Finally, not all functions require us to use yield; only the ones that generate a custom sequence of data do. For map() or filter(), we use return to return a value for every single element in the RDD we're running the functions on.

In [None]:
def hamlet_speaks(line):
    id = line[0]
    speaketh = False
    
    if "HAMLET" in line:
        speaketh = True
    
    if speaketh:
        yield id,"hamlet speaketh!"

hamlet_spoken = split_hamlet.flatMap(lambda x: hamlet_speaks(x))
hamlet_spoken.take(10)

### flatMap() is different than map() because it doesn't require an output for every element in the RDD.

The flatMap() method is useful whenever we want to generate a sequence of values from an RDD.

In this case, we want an RDD object that contains tuples of the unique line IDs and the text "hamlet speaketh!," but only for the elements in the RDD that have "HAMLET" in one of the values. We can't use the map() method for this because it requires a return value for every element in the RDD.
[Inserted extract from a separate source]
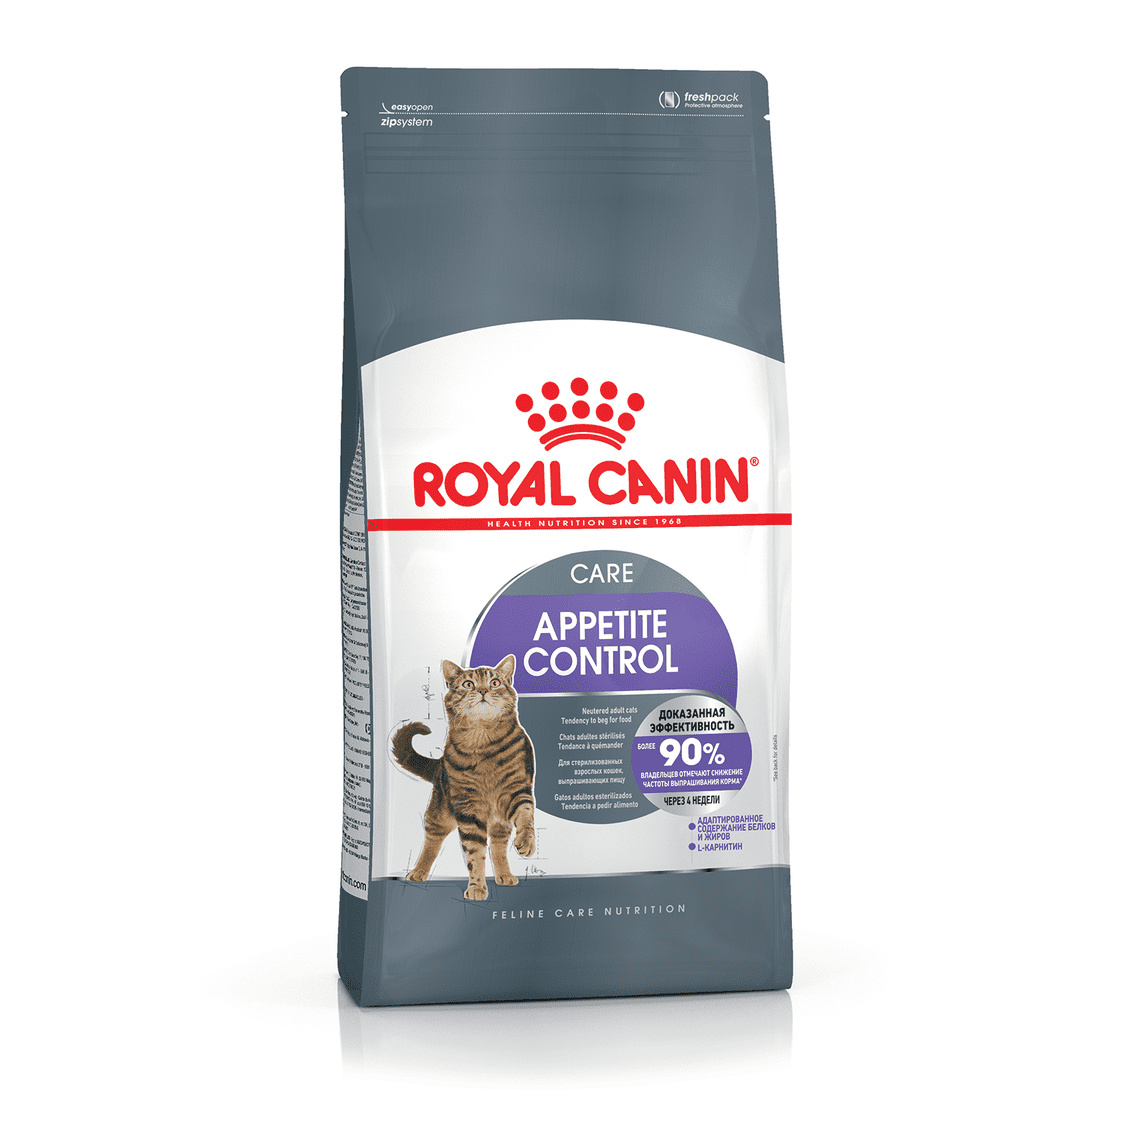 для взрослых кошек, рекомендуется для контроля выпрашивания корма (3,5 кг) Royal Canin (сухие корма) для взрослых кошек, рекомендуется для контроля выпрашивания корма (3,5 кг) - фото 1

let's use a filter() with a named function to extract the original lines where Hamlet spoke. The functions we pass into filter() must return values, which will be either True or False.

In [None]:
def filter_hamlet_speaks(line):
    return "HAMLET" in line

hamlet_spoken_lines = split_hamlet.filter(lambda line: filter_hamlet_speaks(line))
hamlet_spoken_lines.take(5)

### Spark has two kinds of methods, transformations and actions. 

While we've explored some of the transformations, we haven't used any actions other than take()

Whenever we use an action method, Spark forces the evaluation of lazy code. If we only chain together transformation methods and print the resulting RDD object, we'll see the type of RDD (e.g. a PythonRDD or PipelinedRDD object), but not the elements within it. That's because the computation hasn't actually happened yet.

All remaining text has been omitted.